%%

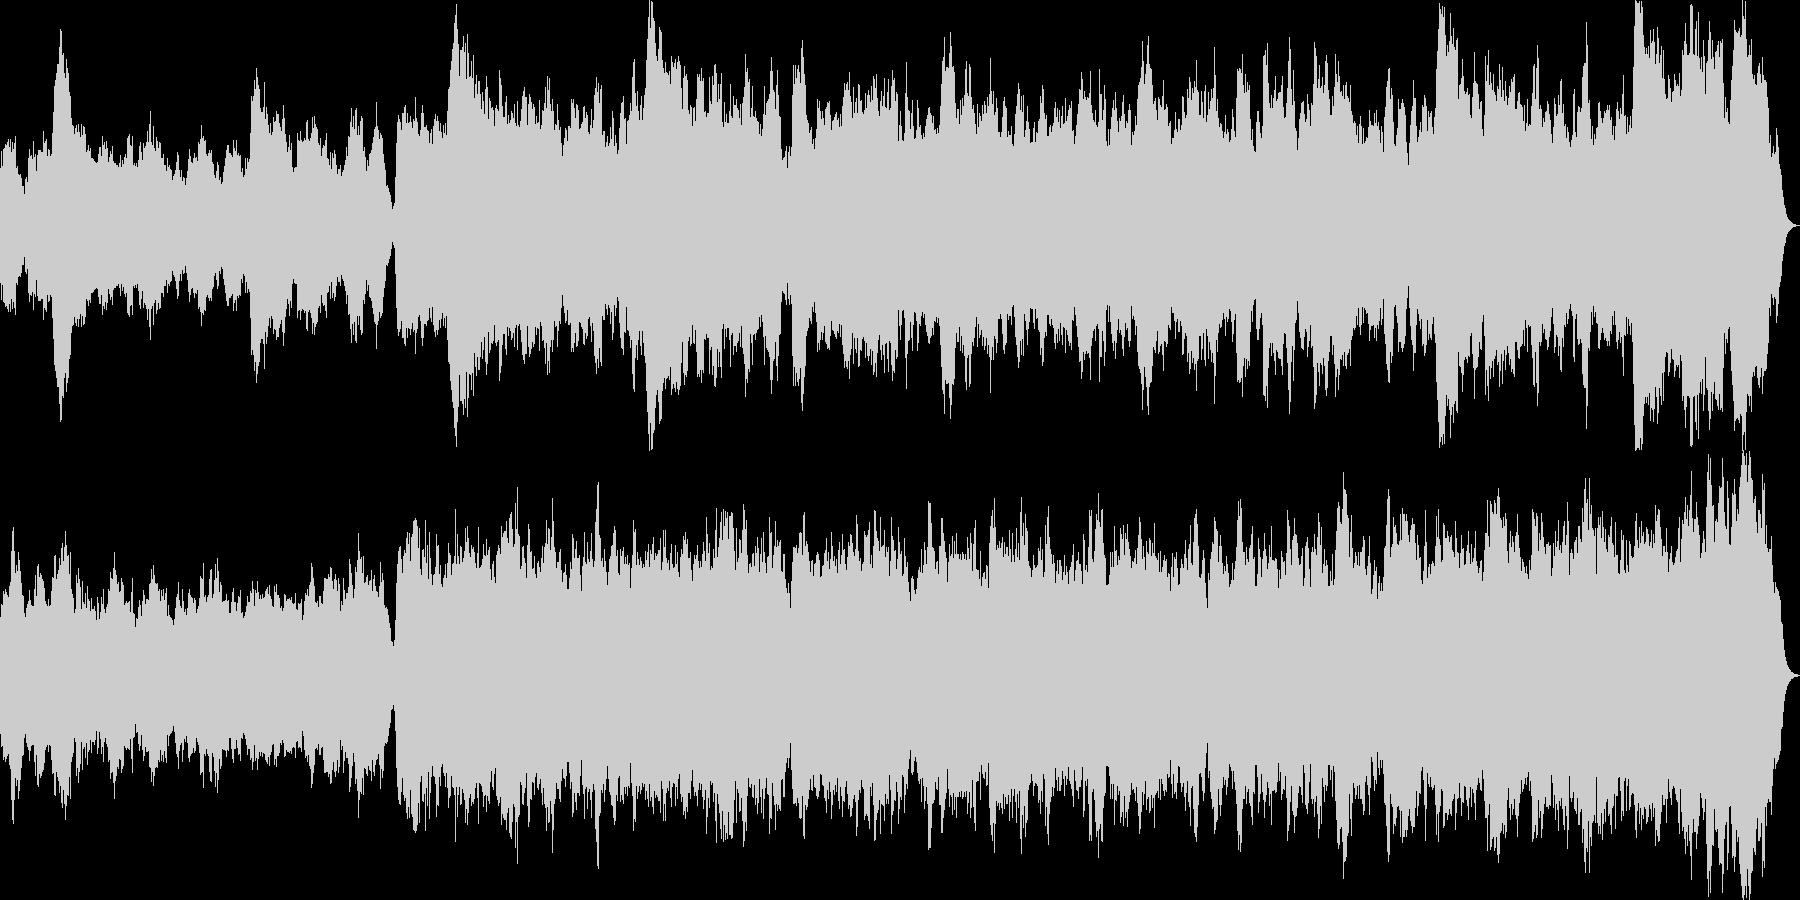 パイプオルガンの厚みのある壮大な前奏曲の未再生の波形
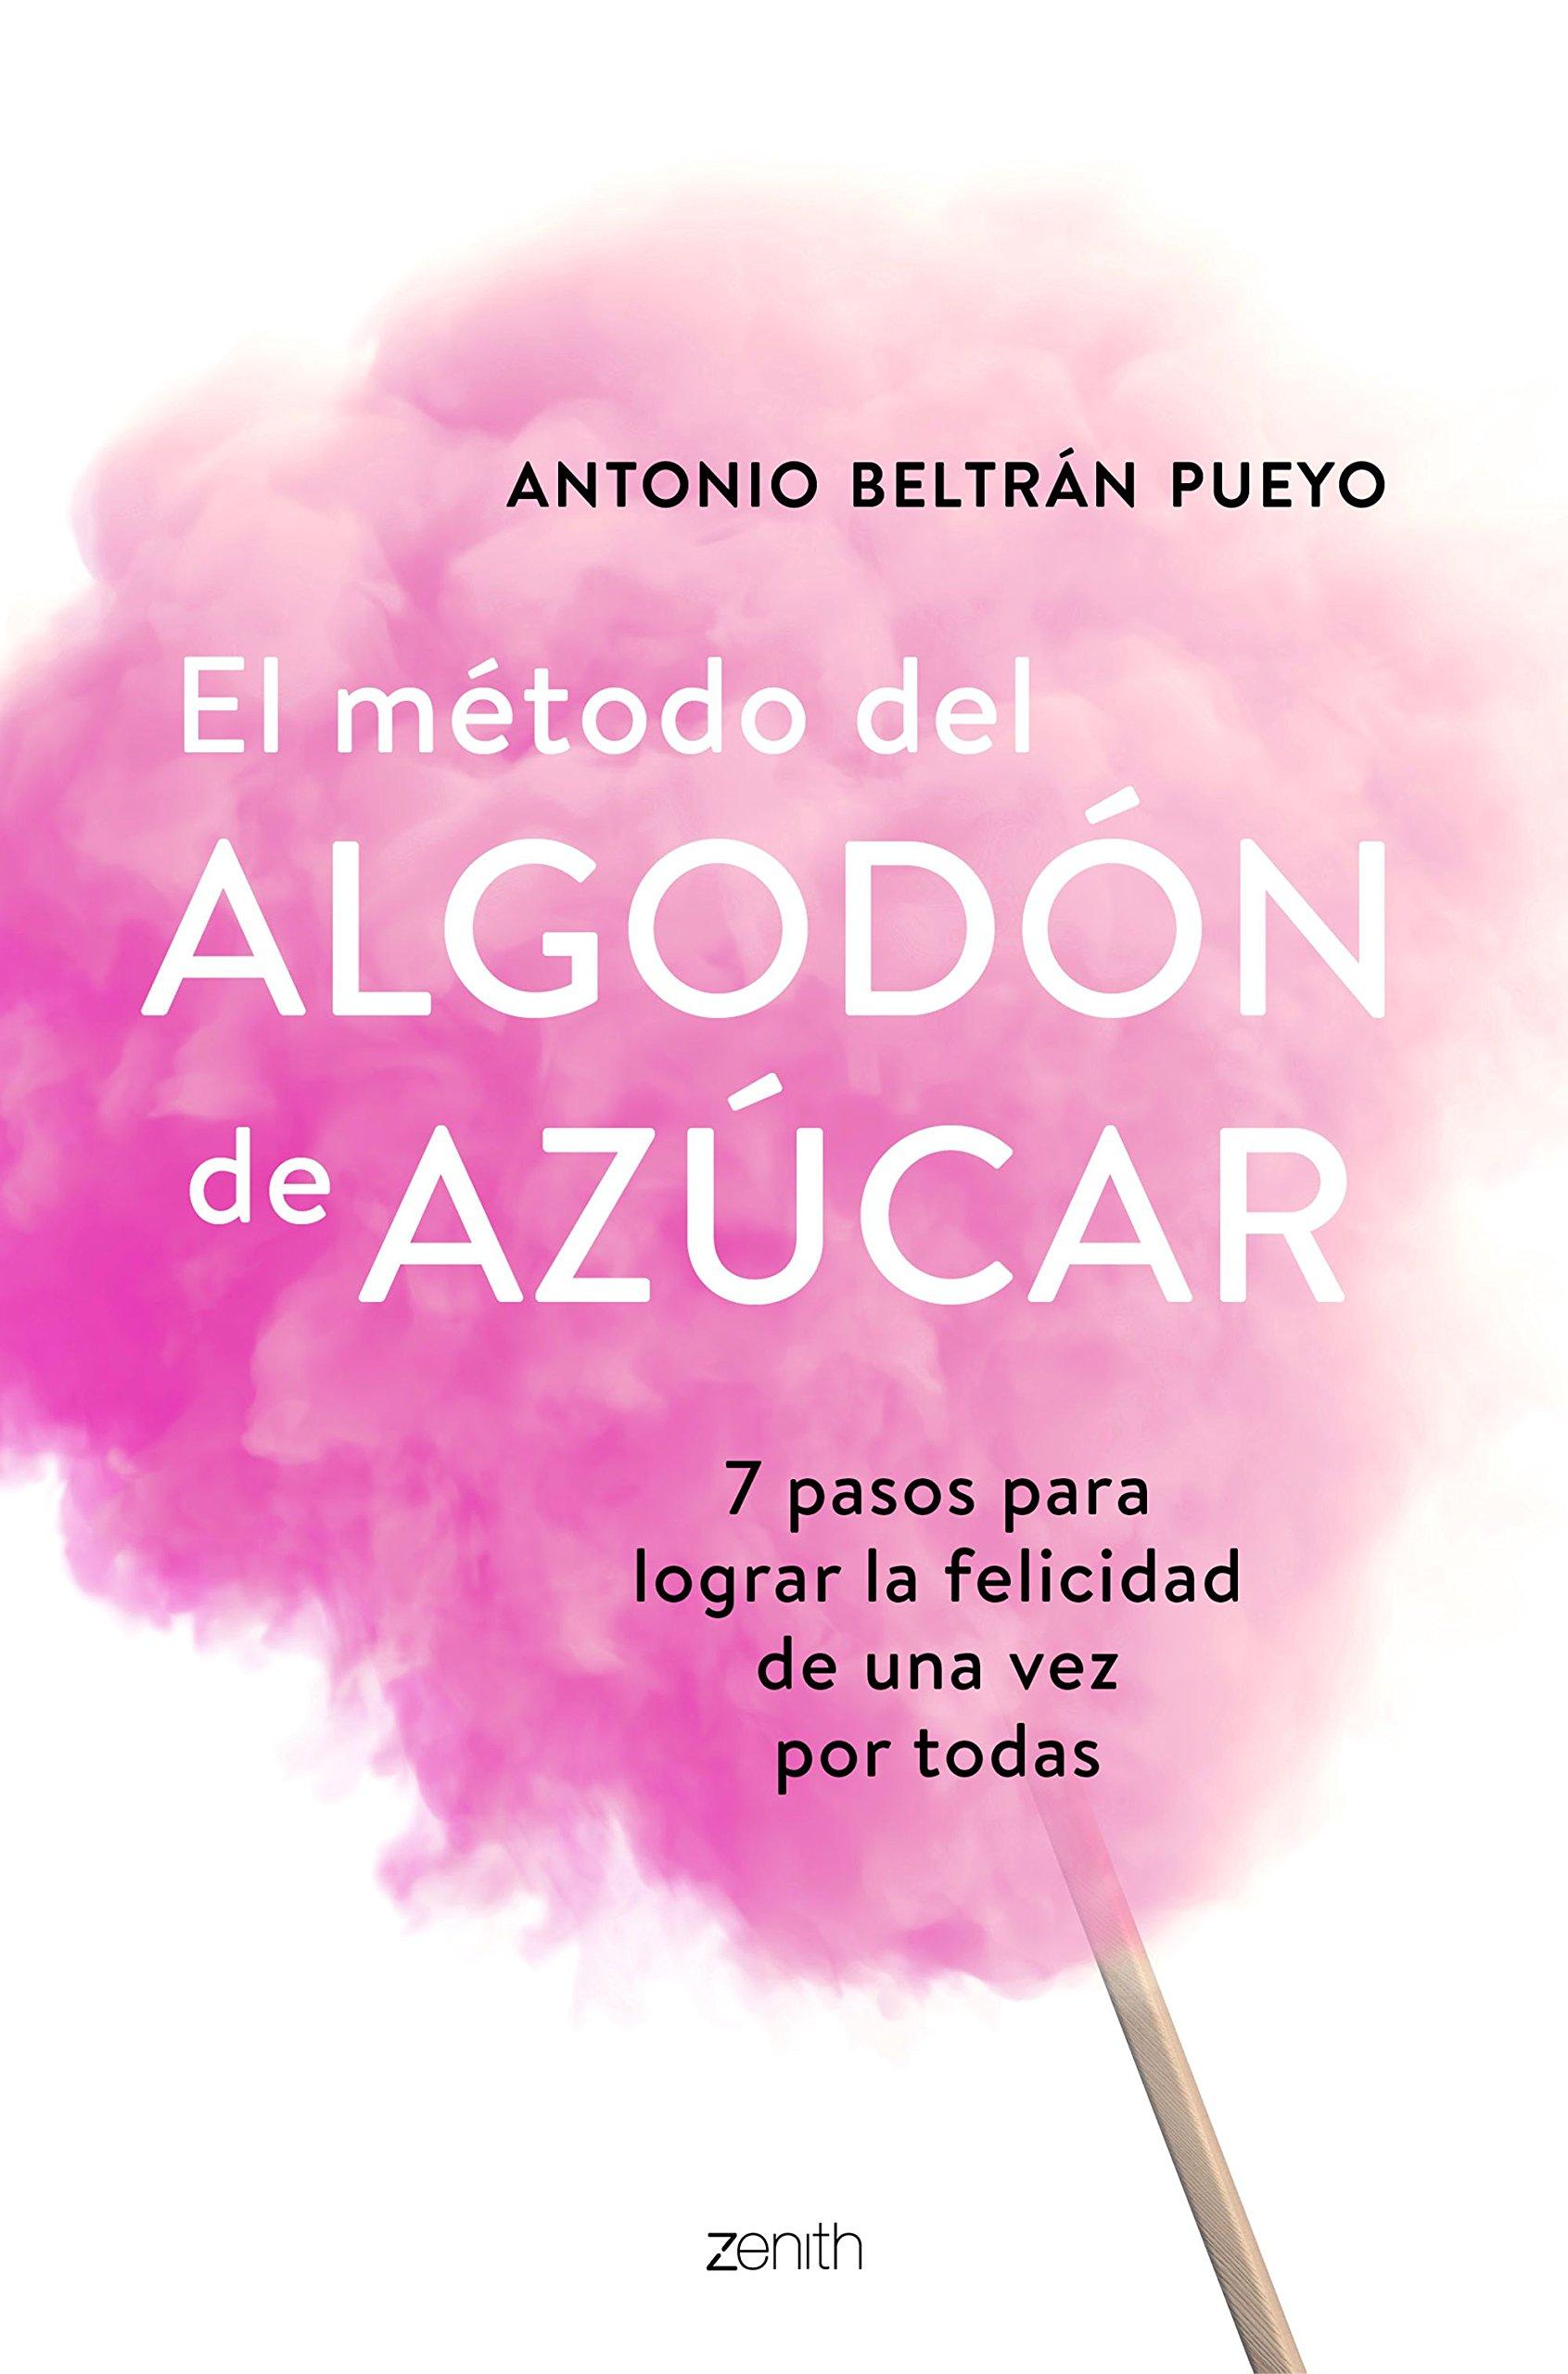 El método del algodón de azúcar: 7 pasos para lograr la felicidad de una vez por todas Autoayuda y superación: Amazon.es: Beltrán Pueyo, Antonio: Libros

%%
%%

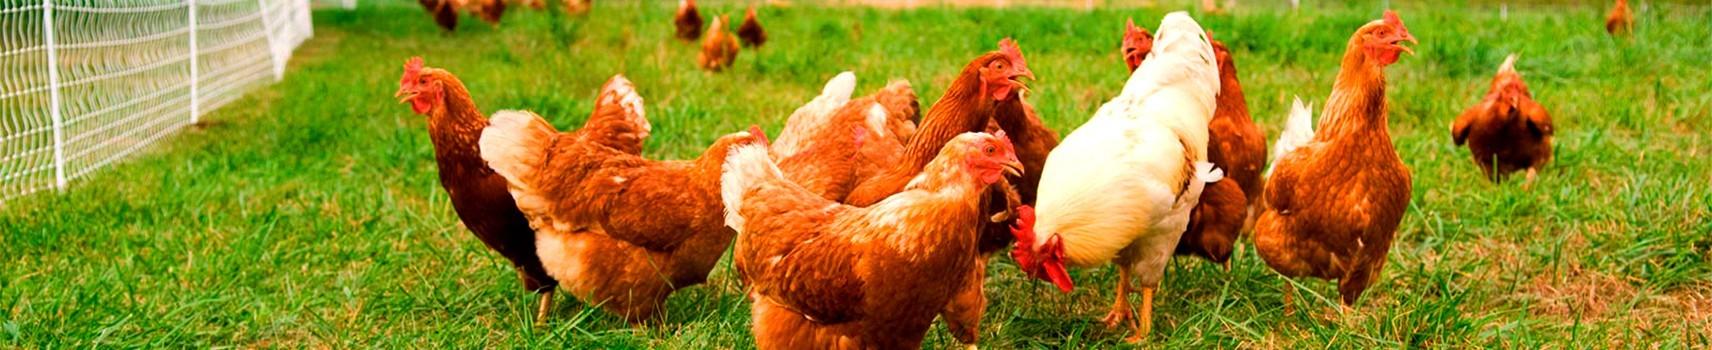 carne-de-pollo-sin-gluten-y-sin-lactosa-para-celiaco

%%

Make an exact copy of the lines above, beginning with the line with "パイプオルガンの厚みのある壮大な前奏曲の未再生の波形" and ending with the line with "El método del", and keep the pictures out of it.

 パイプオルガンの厚みのある壮大な前奏曲の未再生の波形
 El método del algodón de azúcar: 7 pasos para lograr la felicidad de una vez por todas Autoayuda y superación: Amazon.es: Beltrán Pueyo, Antonio: Libros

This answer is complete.